ASSIGNED TASK: Please return all of the entries below exactly as they are written.
RECORDS TO USE: Begin
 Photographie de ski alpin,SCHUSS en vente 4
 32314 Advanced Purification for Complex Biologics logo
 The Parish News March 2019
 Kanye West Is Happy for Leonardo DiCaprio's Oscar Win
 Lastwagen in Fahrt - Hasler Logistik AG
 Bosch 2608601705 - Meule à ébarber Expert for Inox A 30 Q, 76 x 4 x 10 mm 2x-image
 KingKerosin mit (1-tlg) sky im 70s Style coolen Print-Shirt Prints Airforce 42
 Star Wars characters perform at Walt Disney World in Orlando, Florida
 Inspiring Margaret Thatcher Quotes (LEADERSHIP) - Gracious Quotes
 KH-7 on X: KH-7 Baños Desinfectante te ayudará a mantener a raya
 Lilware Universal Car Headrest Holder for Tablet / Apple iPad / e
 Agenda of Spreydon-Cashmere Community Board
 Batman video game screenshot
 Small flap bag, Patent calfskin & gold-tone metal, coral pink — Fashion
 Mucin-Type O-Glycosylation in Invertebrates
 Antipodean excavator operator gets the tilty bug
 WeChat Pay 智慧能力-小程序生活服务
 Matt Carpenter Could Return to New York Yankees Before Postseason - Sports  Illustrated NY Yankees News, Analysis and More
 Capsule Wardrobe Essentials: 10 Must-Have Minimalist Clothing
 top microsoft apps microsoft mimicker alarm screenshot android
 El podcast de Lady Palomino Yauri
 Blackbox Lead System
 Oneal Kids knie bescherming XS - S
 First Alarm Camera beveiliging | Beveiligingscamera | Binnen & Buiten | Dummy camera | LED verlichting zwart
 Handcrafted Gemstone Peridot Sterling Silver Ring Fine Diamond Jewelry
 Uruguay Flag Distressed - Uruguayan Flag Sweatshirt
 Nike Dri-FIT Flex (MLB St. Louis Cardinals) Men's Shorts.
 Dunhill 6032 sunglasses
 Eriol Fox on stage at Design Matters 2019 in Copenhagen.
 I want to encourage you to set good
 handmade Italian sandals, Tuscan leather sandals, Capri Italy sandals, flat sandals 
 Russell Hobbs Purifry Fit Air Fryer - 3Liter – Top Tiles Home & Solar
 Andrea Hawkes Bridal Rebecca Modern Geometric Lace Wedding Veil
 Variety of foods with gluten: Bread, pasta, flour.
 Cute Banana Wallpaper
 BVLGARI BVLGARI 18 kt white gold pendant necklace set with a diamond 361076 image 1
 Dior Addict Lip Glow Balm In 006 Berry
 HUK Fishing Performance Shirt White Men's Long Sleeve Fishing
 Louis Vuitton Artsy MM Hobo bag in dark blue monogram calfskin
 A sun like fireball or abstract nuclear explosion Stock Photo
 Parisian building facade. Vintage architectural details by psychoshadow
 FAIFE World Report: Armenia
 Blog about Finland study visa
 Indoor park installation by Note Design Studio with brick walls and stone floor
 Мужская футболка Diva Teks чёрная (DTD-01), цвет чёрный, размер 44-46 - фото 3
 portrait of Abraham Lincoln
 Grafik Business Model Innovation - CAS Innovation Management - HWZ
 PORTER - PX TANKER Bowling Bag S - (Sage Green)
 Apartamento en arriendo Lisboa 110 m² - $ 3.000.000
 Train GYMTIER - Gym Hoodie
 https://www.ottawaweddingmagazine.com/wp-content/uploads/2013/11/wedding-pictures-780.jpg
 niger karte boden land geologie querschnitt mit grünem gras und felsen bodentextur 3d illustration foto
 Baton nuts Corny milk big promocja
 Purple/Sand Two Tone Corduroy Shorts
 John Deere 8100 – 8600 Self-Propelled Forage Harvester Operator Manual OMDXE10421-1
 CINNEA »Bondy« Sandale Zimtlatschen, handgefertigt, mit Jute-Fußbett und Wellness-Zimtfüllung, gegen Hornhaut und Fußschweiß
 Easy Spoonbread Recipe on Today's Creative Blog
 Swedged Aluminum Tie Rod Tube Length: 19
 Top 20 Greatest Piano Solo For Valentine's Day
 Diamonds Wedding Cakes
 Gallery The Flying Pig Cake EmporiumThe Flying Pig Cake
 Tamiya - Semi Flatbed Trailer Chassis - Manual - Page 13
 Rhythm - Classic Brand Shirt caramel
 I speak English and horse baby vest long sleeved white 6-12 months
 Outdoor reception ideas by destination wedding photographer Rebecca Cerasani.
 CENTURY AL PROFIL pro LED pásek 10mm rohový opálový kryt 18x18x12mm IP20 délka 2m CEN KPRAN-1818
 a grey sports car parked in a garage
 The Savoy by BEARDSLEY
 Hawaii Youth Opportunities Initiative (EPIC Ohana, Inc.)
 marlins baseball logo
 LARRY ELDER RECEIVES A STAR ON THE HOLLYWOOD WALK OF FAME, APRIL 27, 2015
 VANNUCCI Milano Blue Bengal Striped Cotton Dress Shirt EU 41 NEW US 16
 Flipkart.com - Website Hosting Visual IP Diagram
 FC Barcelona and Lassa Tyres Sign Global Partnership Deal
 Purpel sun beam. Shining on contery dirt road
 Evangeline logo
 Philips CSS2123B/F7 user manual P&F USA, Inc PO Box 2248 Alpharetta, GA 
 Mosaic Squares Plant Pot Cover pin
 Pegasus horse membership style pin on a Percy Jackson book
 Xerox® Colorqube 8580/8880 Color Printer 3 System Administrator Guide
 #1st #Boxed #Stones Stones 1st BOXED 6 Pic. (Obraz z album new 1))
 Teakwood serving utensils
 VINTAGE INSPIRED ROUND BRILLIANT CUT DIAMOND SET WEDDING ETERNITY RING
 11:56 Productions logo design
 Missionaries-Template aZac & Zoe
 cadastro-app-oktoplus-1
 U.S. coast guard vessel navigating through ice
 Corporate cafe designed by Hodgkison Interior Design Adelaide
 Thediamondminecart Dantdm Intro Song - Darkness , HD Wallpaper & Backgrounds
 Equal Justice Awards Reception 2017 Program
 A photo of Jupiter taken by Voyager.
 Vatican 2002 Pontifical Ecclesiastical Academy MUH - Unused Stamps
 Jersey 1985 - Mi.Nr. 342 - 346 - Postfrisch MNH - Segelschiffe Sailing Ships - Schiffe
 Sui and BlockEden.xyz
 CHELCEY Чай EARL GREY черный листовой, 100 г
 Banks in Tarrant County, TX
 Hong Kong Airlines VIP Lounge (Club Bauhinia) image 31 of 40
RECORDS TO USE: End
EXERCISE RESULT:
 Photographie de ski alpin,SCHUSS en vente 4
 32314 Advanced Purification for Complex Biologics logo
 The Parish News March 2019
 Kanye West Is Happy for Leonardo DiCaprio's Oscar Win
 Lastwagen in Fahrt - Hasler Logistik AG
 Bosch 2608601705 - Meule à ébarber Expert for Inox A 30 Q, 76 x 4 x 10 mm 2x-image
 KingKerosin mit (1-tlg) sky im 70s Style coolen Print-Shirt Prints Airforce 42
 Star Wars characters perform at Walt Disney World in Orlando, Florida
 Inspiring Margaret Thatcher Quotes (LEADERSHIP) - Gracious Quotes
 KH-7 on X: KH-7 Baños Desinfectante te ayudará a mantener a raya
 Lilware Universal Car Headrest Holder for Tablet / Apple iPad / e
 Agenda of Spreydon-Cashmere Community Board
 Batman video game screenshot
 Small flap bag, Patent calfskin & gold-tone metal, coral pink — Fashion
 Mucin-Type O-Glycosylation in Invertebrates
 Antipodean excavator operator gets the tilty bug
 WeChat Pay 智慧能力-小程序生活服务
 Matt Carpenter Could Return to New York Yankees Before Postseason - Sports  Illustrated NY Yankees News, Analysis and More
 Capsule Wardrobe Essentials: 10 Must-Have Minimalist Clothing
 top microsoft apps microsoft mimicker alarm screenshot android
 El podcast de Lady Palomino Yauri
 Blackbox Lead System
 Oneal Kids knie bescherming XS - S
 First Alarm Camera beveiliging | Beveiligingscamera | Binnen & Buiten | Dummy camera | LED verlichting zwart
 Handcrafted Gemstone Peridot Sterling Silver Ring Fine Diamond Jewelry
 Uruguay Flag Distressed - Uruguayan Flag Sweatshirt
 Nike Dri-FIT Flex (MLB St. Louis Cardinals) Men's Shorts.
 Dunhill 6032 sunglasses
 Eriol Fox on stage at Design Matters 2019 in Copenhagen.
 I want to encourage you to set good
 handmade Italian sandals, Tuscan leather sandals, Capri Italy sandals, flat sandals 
 Russell Hobbs Purifry Fit Air Fryer - 3Liter – Top Tiles Home & Solar
 Andrea Hawkes Bridal Rebecca Modern Geometric Lace Wedding Veil
 Variety of foods with gluten: Bread, pasta, flour.
 Cute Banana Wallpaper
 BVLGARI BVLGARI 18 kt white gold pendant necklace set with a diamond 361076 image 1
 Dior Addict Lip Glow Balm In 006 Berry
 HUK Fishing Performance Shirt White Men's Long Sleeve Fishing
 Louis Vuitton Artsy MM Hobo bag in dark blue monogram calfskin
 A sun like fireball or abstract nuclear explosion Stock Photo
 Parisian building facade. Vintage architectural details by psychoshadow
 FAIFE World Report: Armenia
 Blog about Finland study visa
 Indoor park installation by Note Design Studio with brick walls and stone floor
 Мужская футболка Diva Teks чёрная (DTD-01), цвет чёрный, размер 44-46 - фото 3
 portrait of Abraham Lincoln
 Grafik Business Model Innovation - CAS Innovation Management - HWZ
 PORTER - PX TANKER Bowling Bag S - (Sage Green)
 Apartamento en arriendo Lisboa 110 m² - $ 3.000.000
 Train GYMTIER - Gym Hoodie
 https://www.ottawaweddingmagazine.com/wp-content/uploads/2013/11/wedding-pictures-780.jpg
 niger karte boden land geologie querschnitt mit grünem gras und felsen bodentextur 3d illustration foto
 Baton nuts Corny milk big promocja
 Purple/Sand Two Tone Corduroy Shorts
 John Deere 8100 – 8600 Self-Propelled Forage Harvester Operator Manual OMDXE10421-1
 CINNEA »Bondy« Sandale Zimtlatschen, handgefertigt, mit Jute-Fußbett und Wellness-Zimtfüllung, gegen Hornhaut und Fußschweiß
 Easy Spoonbread Recipe on Today's Creative Blog
 Swedged Aluminum Tie Rod Tube Length: 19
 Top 20 Greatest Piano Solo For Valentine's Day
 Diamonds Wedding Cakes
 Gallery The Flying Pig Cake EmporiumThe Flying Pig Cake
 Tamiya - Semi Flatbed Trailer Chassis - Manual - Page 13
 Rhythm - Classic Brand Shirt caramel
 I speak English and horse baby vest long sleeved white 6-12 months
 Outdoor reception ideas by destination wedding photographer Rebecca Cerasani.
 CENTURY AL PROFIL pro LED pásek 10mm rohový opálový kryt 18x18x12mm IP20 délka 2m CEN KPRAN-1818
 a grey sports car parked in a garage
 The Savoy by BEARDSLEY
 Hawaii Youth Opportunities Initiative (EPIC Ohana, Inc.)
 marlins baseball logo
 LARRY ELDER RECEIVES A STAR ON THE HOLLYWOOD WALK OF FAME, APRIL 27, 2015
 VANNUCCI Milano Blue Bengal Striped Cotton Dress Shirt EU 41 NEW US 16
 Flipkart.com - Website Hosting Visual IP Diagram
 FC Barcelona and Lassa Tyres Sign Global Partnership Deal
 Purpel sun beam. Shining on contery dirt road
 Evangeline logo
 Philips CSS2123B/F7 user manual P&F USA, Inc PO Box 2248 Alpharetta, GA 
 Mosaic Squares Plant Pot Cover pin
 Pegasus horse membership style pin on a Percy Jackson book
 Xerox® Colorqube 8580/8880 Color Printer 3 System Administrator Guide
 #1st #Boxed #Stones Stones 1st BOXED 6 Pic. (Obraz z album new 1))
 Teakwood serving utensils
 VINTAGE INSPIRED ROUND BRILLIANT CUT DIAMOND SET WEDDING ETERNITY RING
 11:56 Productions logo design
 Missionaries-Template aZac & Zoe
 cadastro-app-oktoplus-1
 U.S. coast guard vessel navigating through ice
 Corporate cafe designed by Hodgkison Interior Design Adelaide
 Thediamondminecart Dantdm Intro Song - Darkness , HD Wallpaper & Backgrounds
 Equal Justice Awards Reception 2017 Program
 A photo of Jupiter taken by Voyager.
 Vatican 2002 Pontifical Ecclesiastical Academy MUH - Unused Stamps
 Jersey 1985 - Mi.Nr. 342 - 346 - Postfrisch MNH - Segelschiffe Sailing Ships - Schiffe
 Sui and BlockEden.xyz
 CHELCEY Чай EARL GREY черный листовой, 100 г
 Banks in Tarrant County, TX
 Hong Kong Airlines VIP Lounge (Club Bauhinia) image 31 of 40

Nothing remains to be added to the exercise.